Three examples of two-dimensional electronic spectroscopy (2DES) simulations from first principles and comparison to experiments: (a) light-harvesting complex 2 (ref (79)), (b) retinal protonated Schiff base (refs (81) and (82)), and (c) pyrene (ref (67c)). The state-of-the-art of the simulation in terms of system size/electronic structure method, molecular dynamics protocol, and spectroscopy technique are shown in the schematic representation of the three Grand Challenges (see Figure 5). Advancements in the simulations that would improve the agreement with the experiment are indicated with a black arrow. An extended caption for this figure with additional details can be found in the Supporting Information. Figure rights: (a) Adapted with permission from ref (79). Copyright 2017 American Chemical Society. (b) Adapted by permission of the Royal Society of Chemistry from ref (81). Experimental spectrum adapted with permission from ref (82). Copyright 2017 American Chemical Society. (c) Adapted with permission from ref (67c).

Vis 2DES

Theoretical 2DES was used to study the photoisomerization of the 11-cis isomer of the retinal chromophore inside the protein rhodopsin (see Figure 7b).81 Thereby, the researchers relied on a parametrized three-mode three-state model Hamiltonian which explicitly considers the hydrogen out-of-plane (HOOP) mode besides the torsional and ethylene stretch coordinates, as well as an additional excited state giving rise to ESA in the targeted spectral window. 2DES simulations adopting the perturbative regime on top of exact time-dependent wavepacket propagation conducted with the model Hamiltonian agree reasonably well with experiment and demonstrate that the origin of the observed absorptive spectral features is not the HOOP mode as was previously suggested.81 Instead, it was found that an ESA to a higher lying state which is not involved in the isomerization “contaminates” the spectra at early times.

UV 2DES

2DES simulations mapped the spectral signatures of the ultrafast excited-state deactivation of pyrene, promoted in its second bright state absorbing in the UV (see Figure 7c).67c The simulations were conducted with the CGF parametrized by electronic structure calculations at the multi-configurational second-order perturbation (CASPT2) level. The simulations resolve the nature of the high-frequency vibrations which give rise to a checkerboard pattern in the experimental spectra,67c assigning them to carbon–carbon stretchings. Furthermore, a low-frequency quantum beat arising from an excited-state wavepacket83 was matched to an in-plane bending vibration activated upon crossing a CI. The agreement with the experiments3h demonstrates that wavefunction-based techniques are capable of accurately reproducing the high-energy manifold of organic chromophores.

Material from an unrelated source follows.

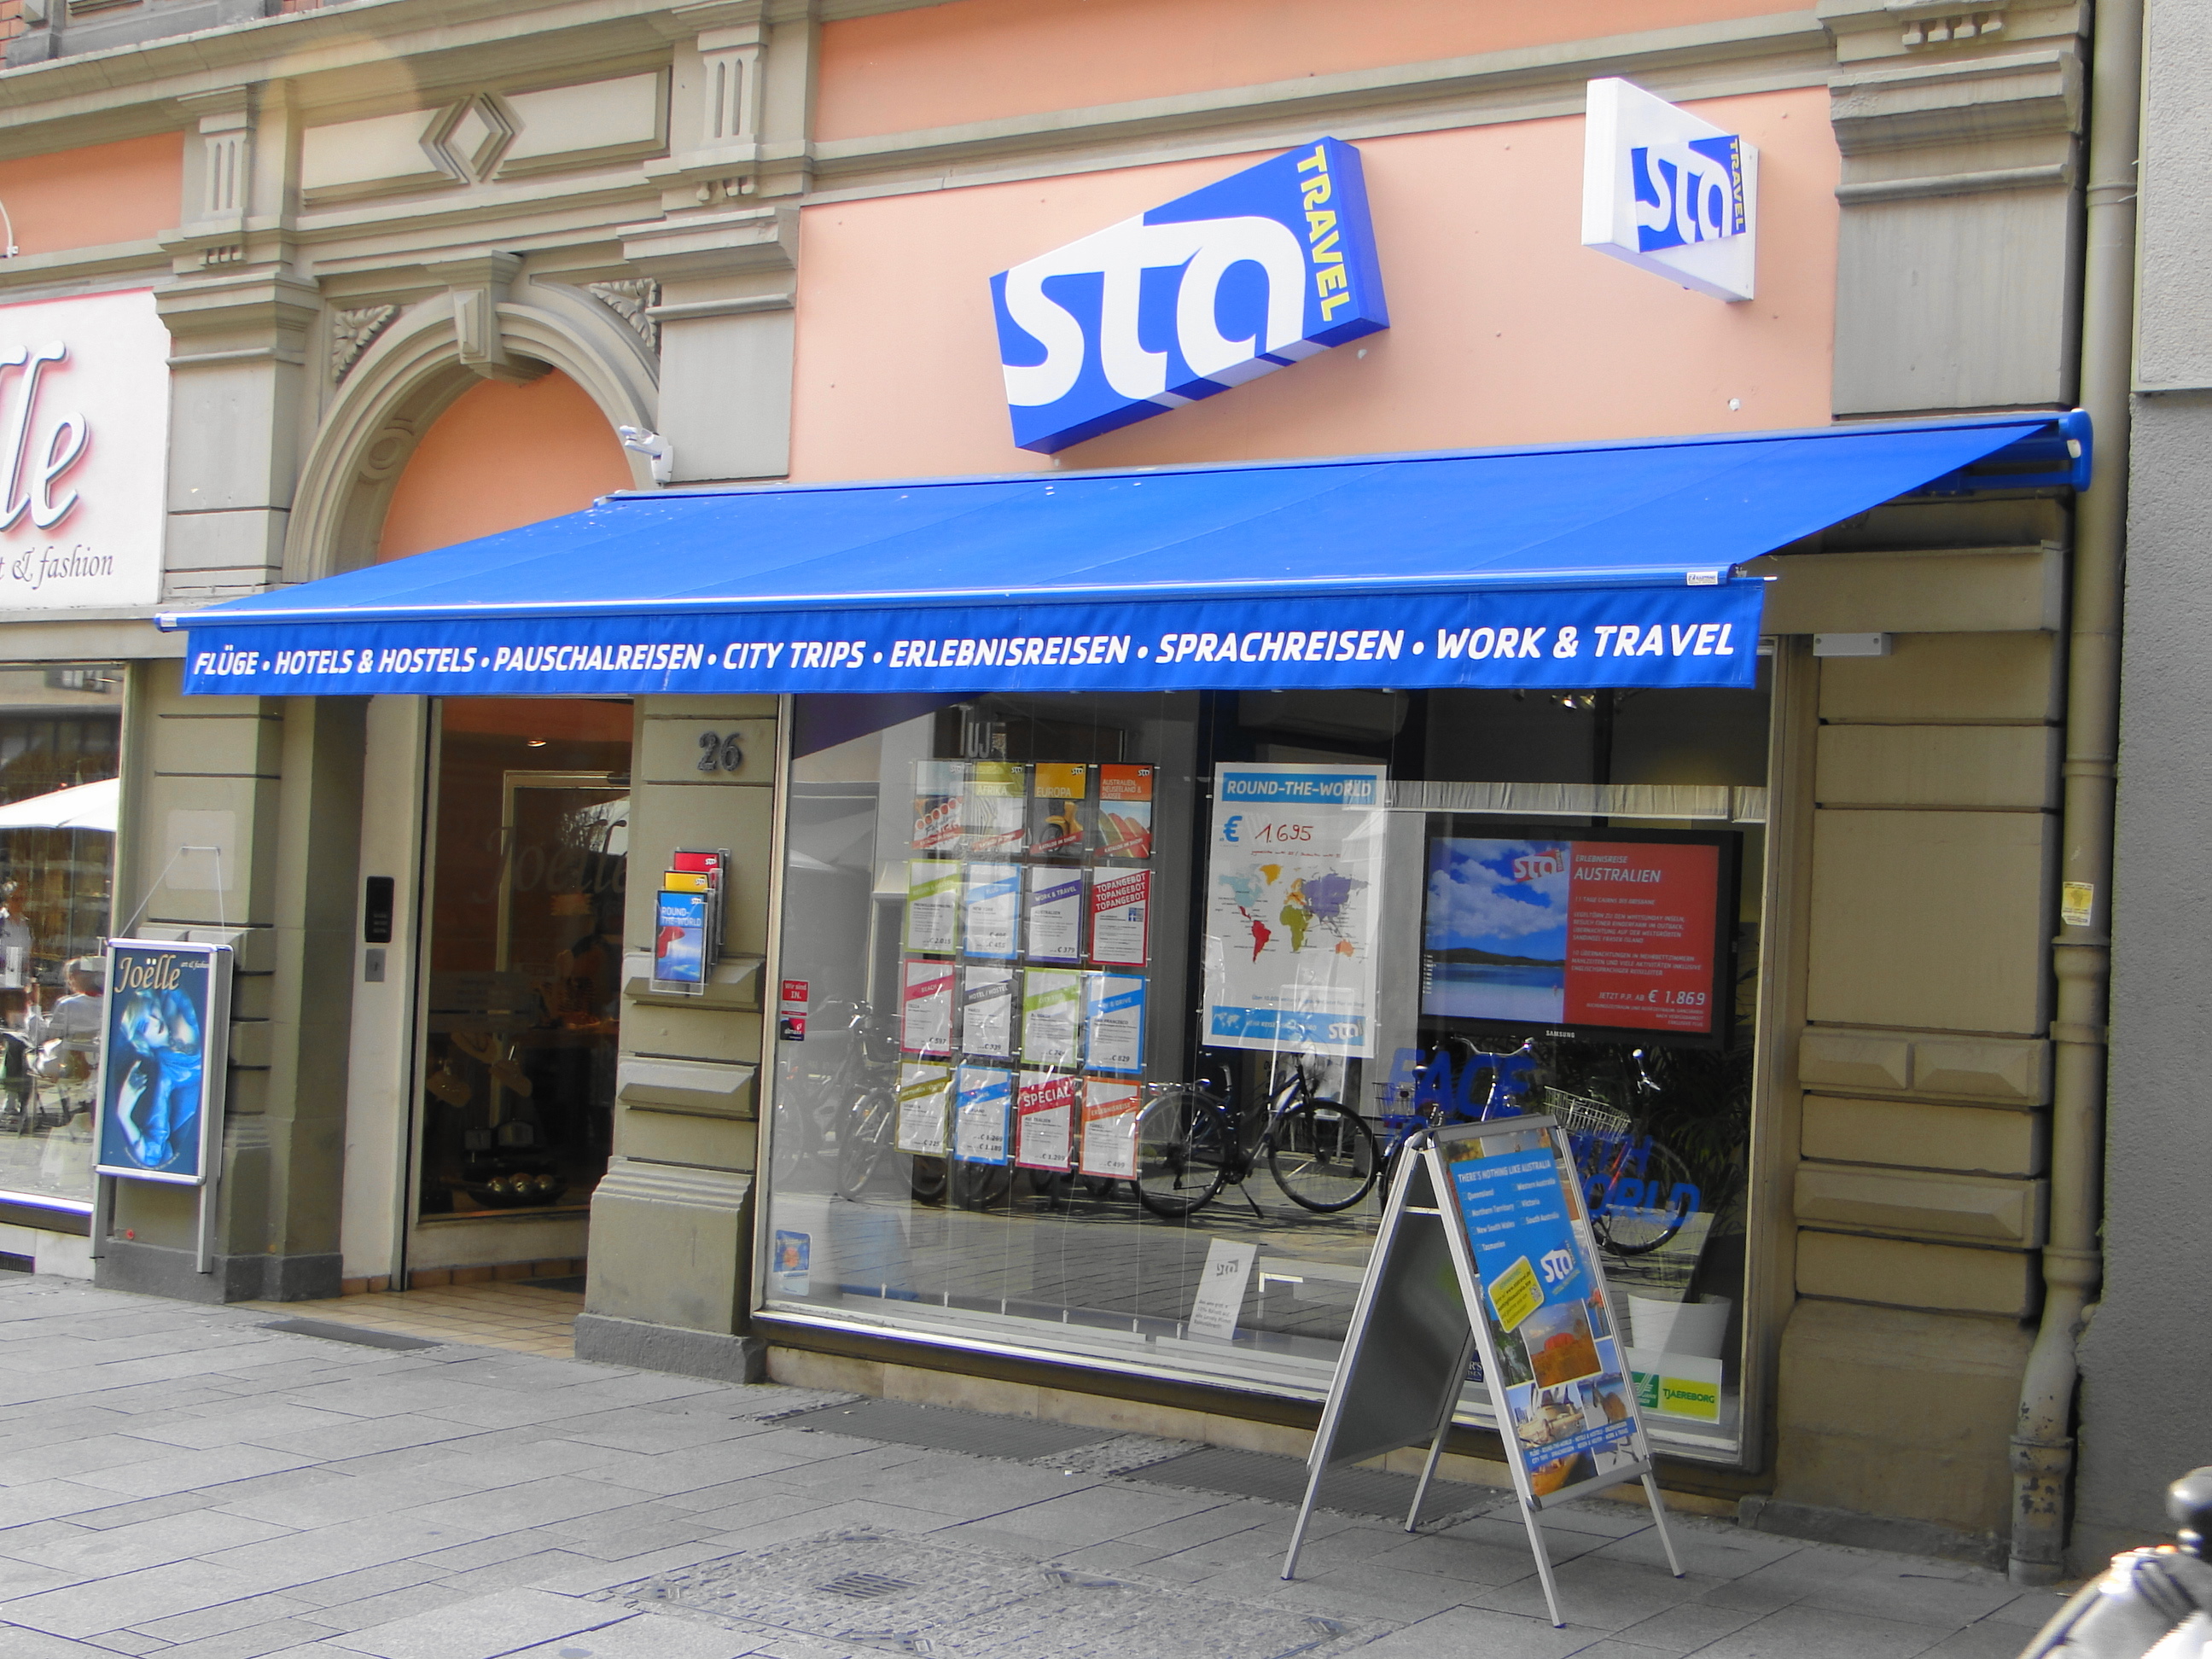 sta - Reisebüro in der Theaterstr. 26

The presented 2DES simulations show a good agreement with the experimental data, but they have not yet matured to the level of TA simulations. The spectra lack occasionally relevant features (e.g., ESA peaks), and the modeling of the signal line shape is less satisfactory owing to the drastic approximations unavoidable to tackle the increased system complexity. For the future we expect applications to consider in a rigorous way transitions to higher lying states, giving rise to significant ESA contributions.67c,79,81 Furthermore, we expect applications to employ advanced dynamics simulation protocols to describe exciton energy and charge transport, as well as relaxation pathways that go beyond the Redfield and CGF approximations. This undertaking seems more and more feasible with the recent extension of the FSSH framework to exciton dynamics3e,53 and trajectory-based 2DES simulation protocols.63g63i

Novel Techniques

With the advances in computational technologies and the developments in theoretical and experimental ultrafast spectroscopy, the synergy between experiment and theory is steadily increasingly. On the one side, simulations are not plagued by the technical limitations accompanying the experiments (e.g., limited pulse bandwidth, low phase stability, low signal-to-noise ratio, solvent artifacts, etc.). Complex pulse sequences can be conceived to resolve fingerprints of the process under investigation, thus inspiring experimentalists to search for ways to overcome the restrictions. For instance, three-pulse femtosecond and attosecond stimulated Raman spectroscopy techniques have been recently proposed. Very remarkably, off-resonant attosecond stimulated Raman spectroscopy, also known as transient redistribution of ultrafast electronic coherences in attosecond Raman signals (TRUECARS), holds the promise to have the necessary temporal resolution and the sensitivity to resolve the passage of a wavepacket through a CI.84 On the other hand, experimental breakthroughs (e.g., the X-ray free electron laser) allow scientists to explore previously inaccessible spectral regions and to resolve novel phenomena, thus stimulating theoretical efforts in rationalizing the observations and in conceiving novel techniques that exploit the new laser sources. For instance, recent advances in X-ray laser technology reporting bright and ultrashort pulses85a85c have sprung a number of non-linear techniques exploiting the broad bandwidth, short duration, spatial localization of the excitation, and element specificity of exahertz pulses.3g,3j Among these techniques we note (a) X-ray TA spectroscopy, the counterpart of optical TA spectroscopy,86a86c which has already been successfully implemented experimentally;76,87 (b) 2D coherent X-ray spectroscopy,86d86f which extends the benefits of 2DES to this frequency range; and (c) time-resolved X-ray diffraction, which allows us to resolve MD in time and space.86g86j

In the following, we present three examples which illustrate some of these novel techniques.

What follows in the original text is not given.